• **PROBLEM TO WORK ON**: Will you write out the data exactly, excluding every picture?

• **RECORDED DATA**:
■ ■ ■ ■

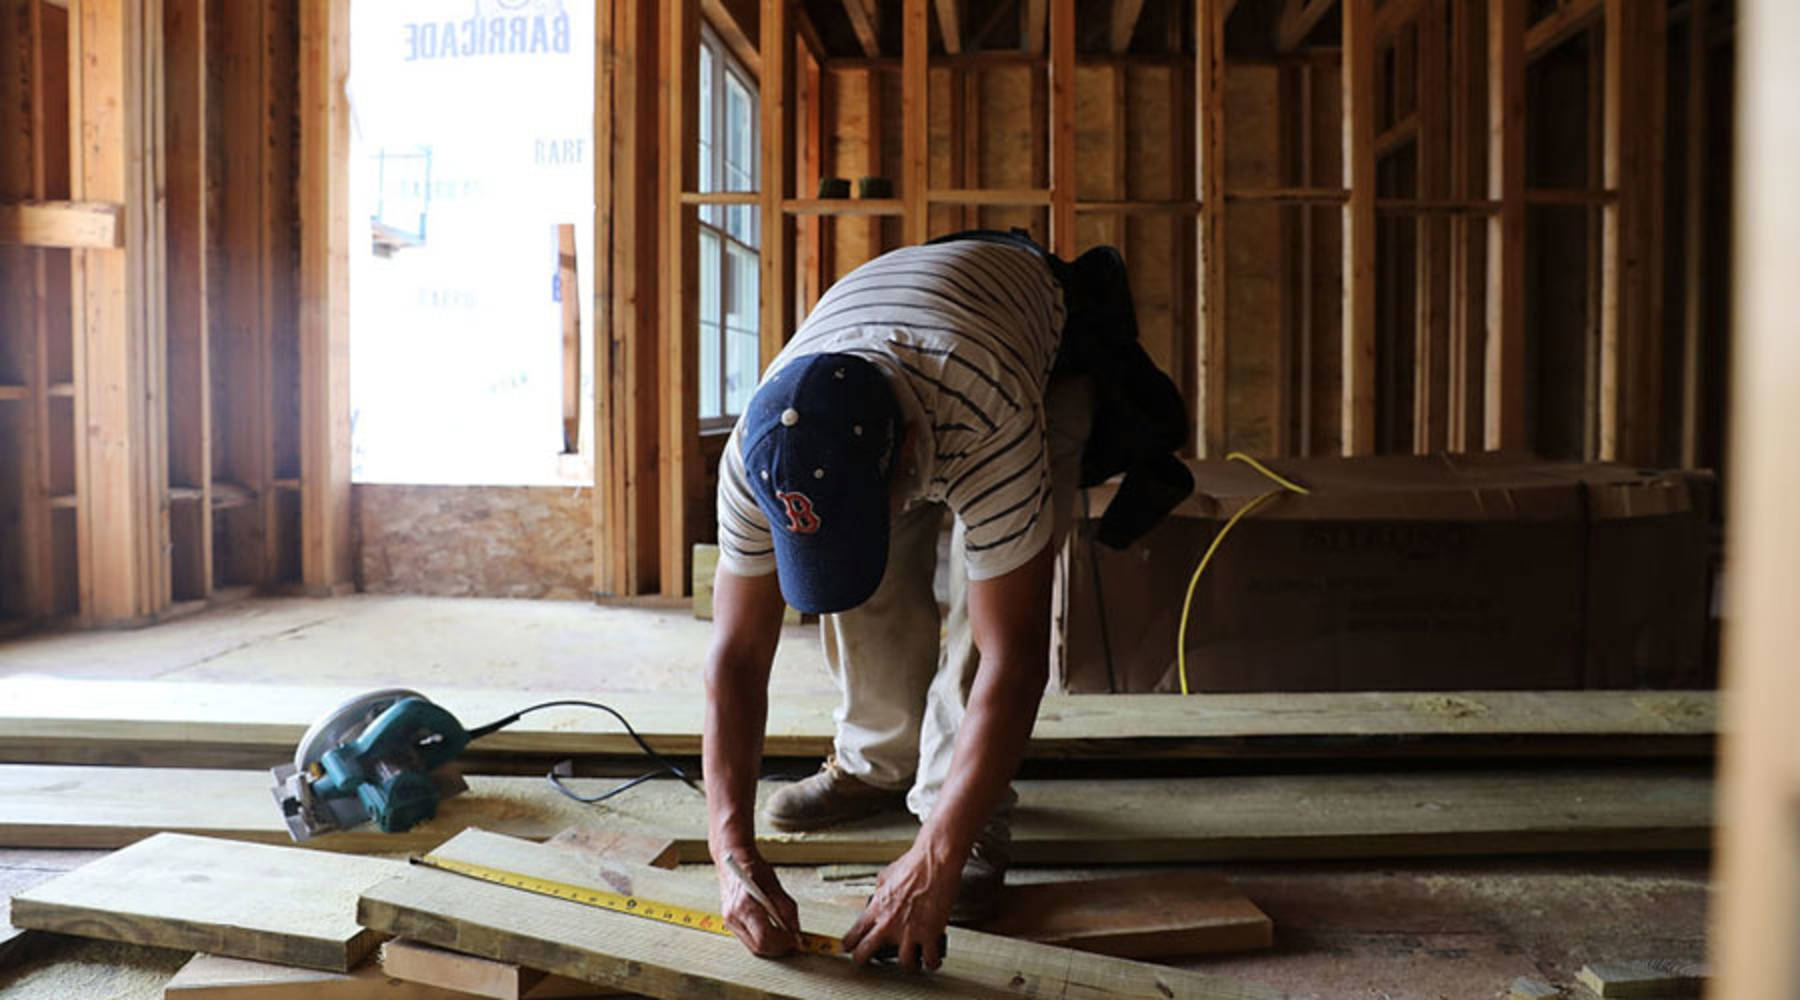 Labor, building material shortages depress U.S. single-family housing  starts
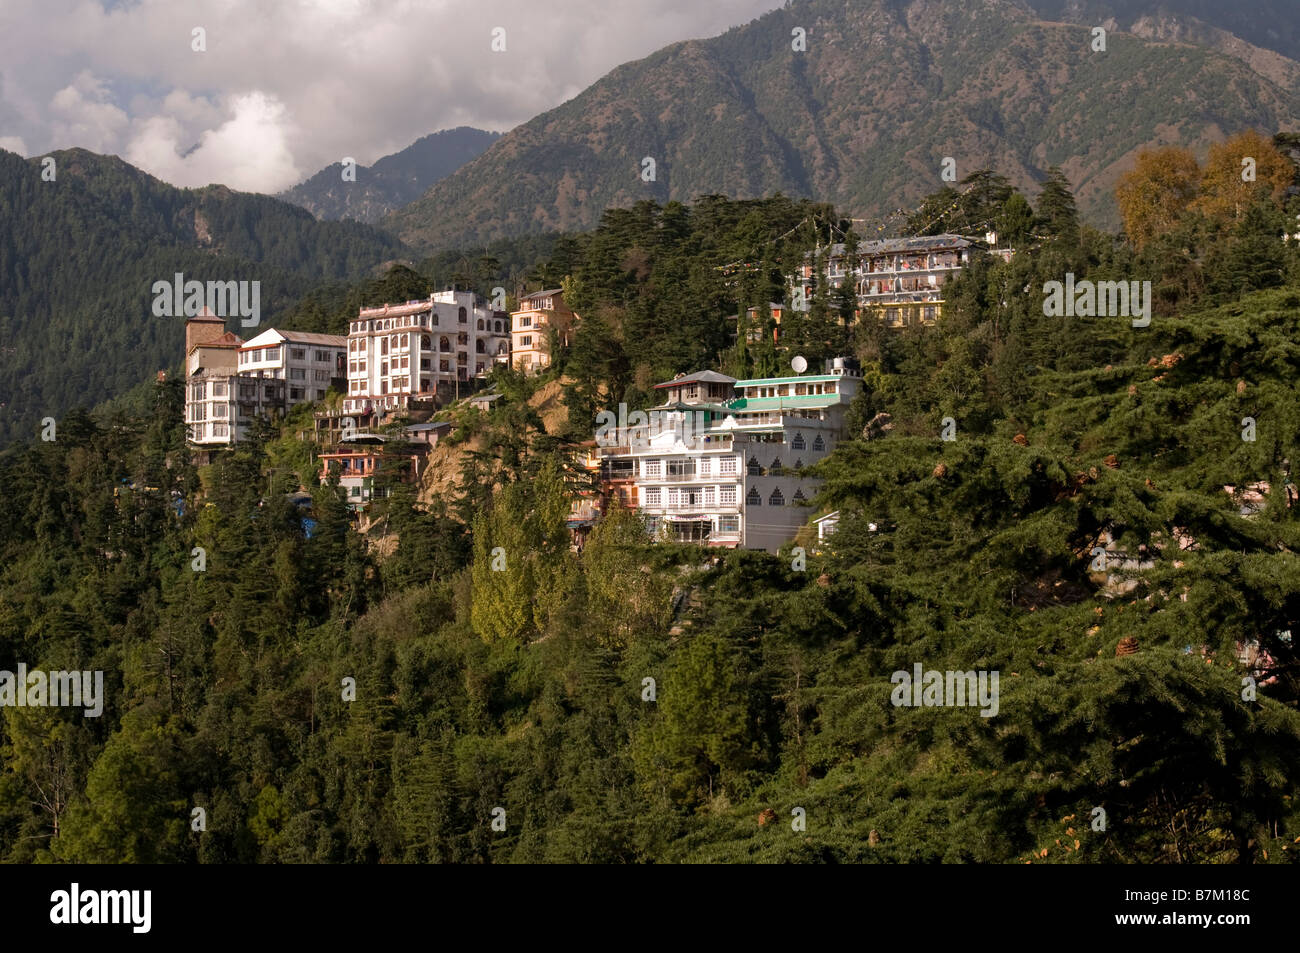 MacLeodganj au pied de l'Himalaya. Dharamsala. L'Himachal Pradesh. L'Inde. Banque D'Images
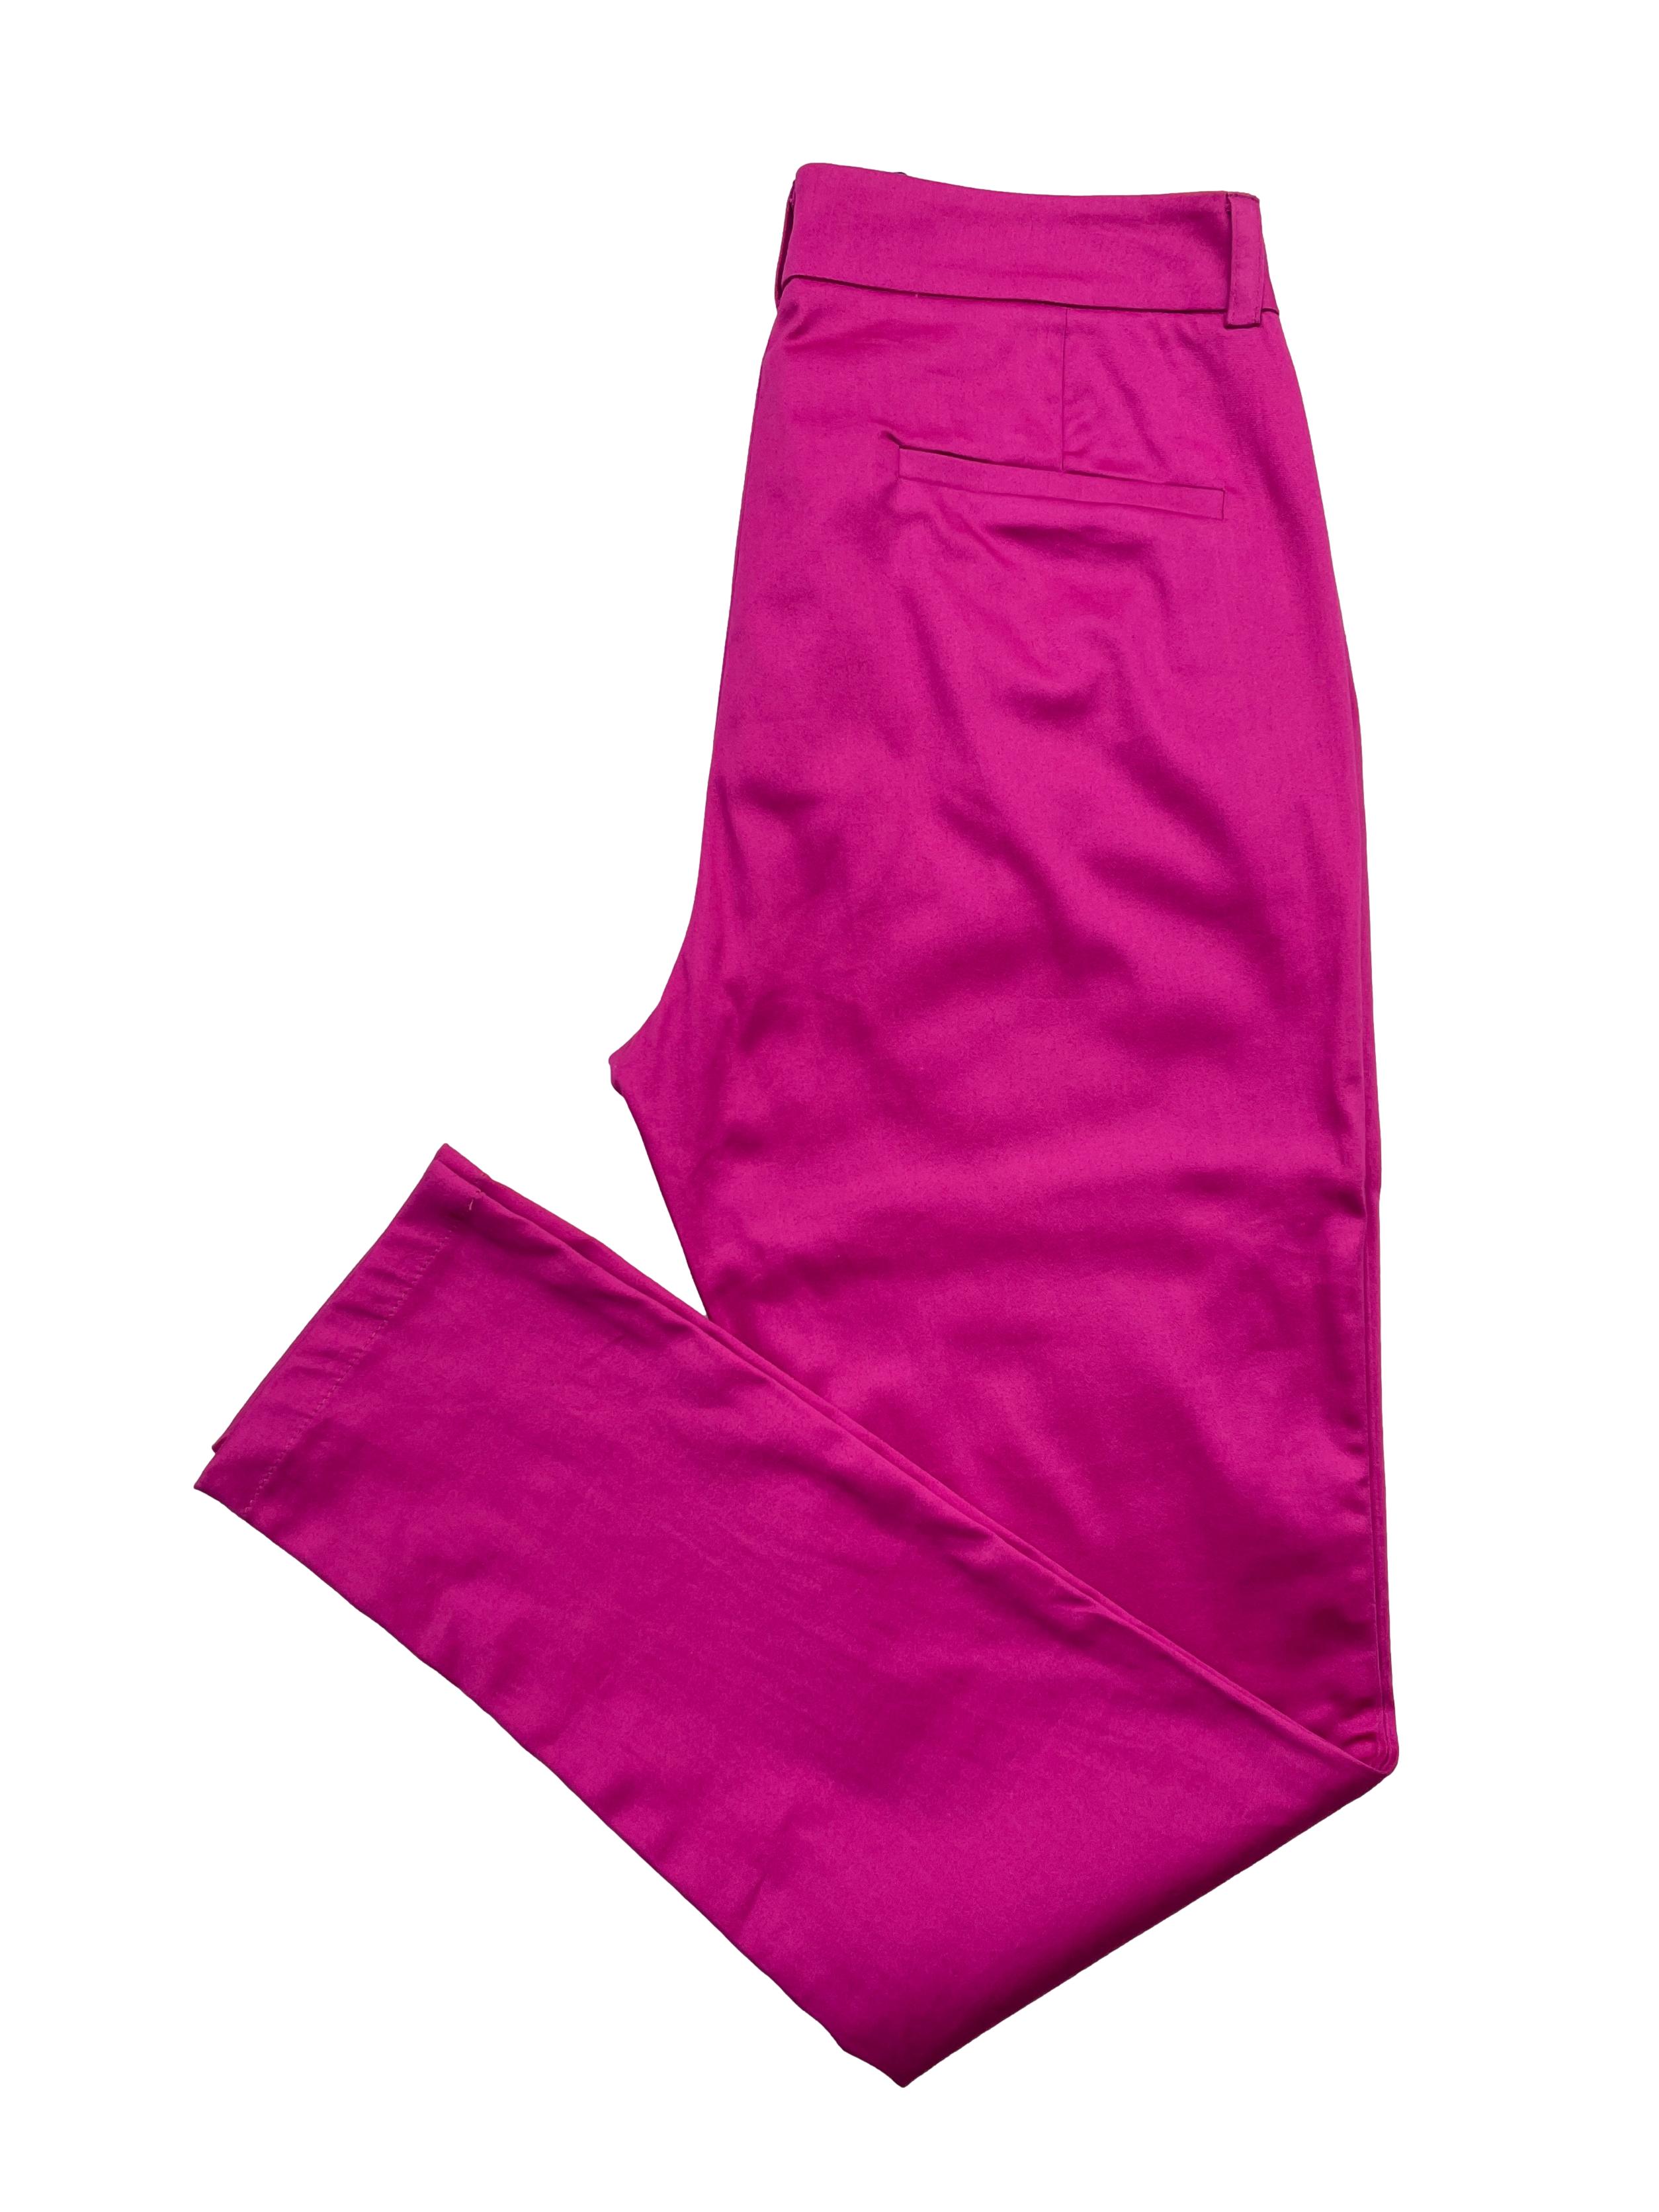 Pantalón formal Marquis fucsia, 97% algodón stretch, corte slim con bolsillos laterales. Cintura 78cm Tiro 24cm Largo 94cm

■ ■ ■ ■

• **PROBLEM SOLUTION**:
 Labor, building material shortages depress U.S. single-family housing  starts
 MacLeodganj au pied de l'Himalaya. Dharamsala. L'Himachal Pradesh. L'Inde. Banque D'Images
 Pantalón formal Marquis fucsia, 97% algodón stretch, corte slim con bolsillos laterales. Cintura 78cm Tiro 24cm Largo 94cm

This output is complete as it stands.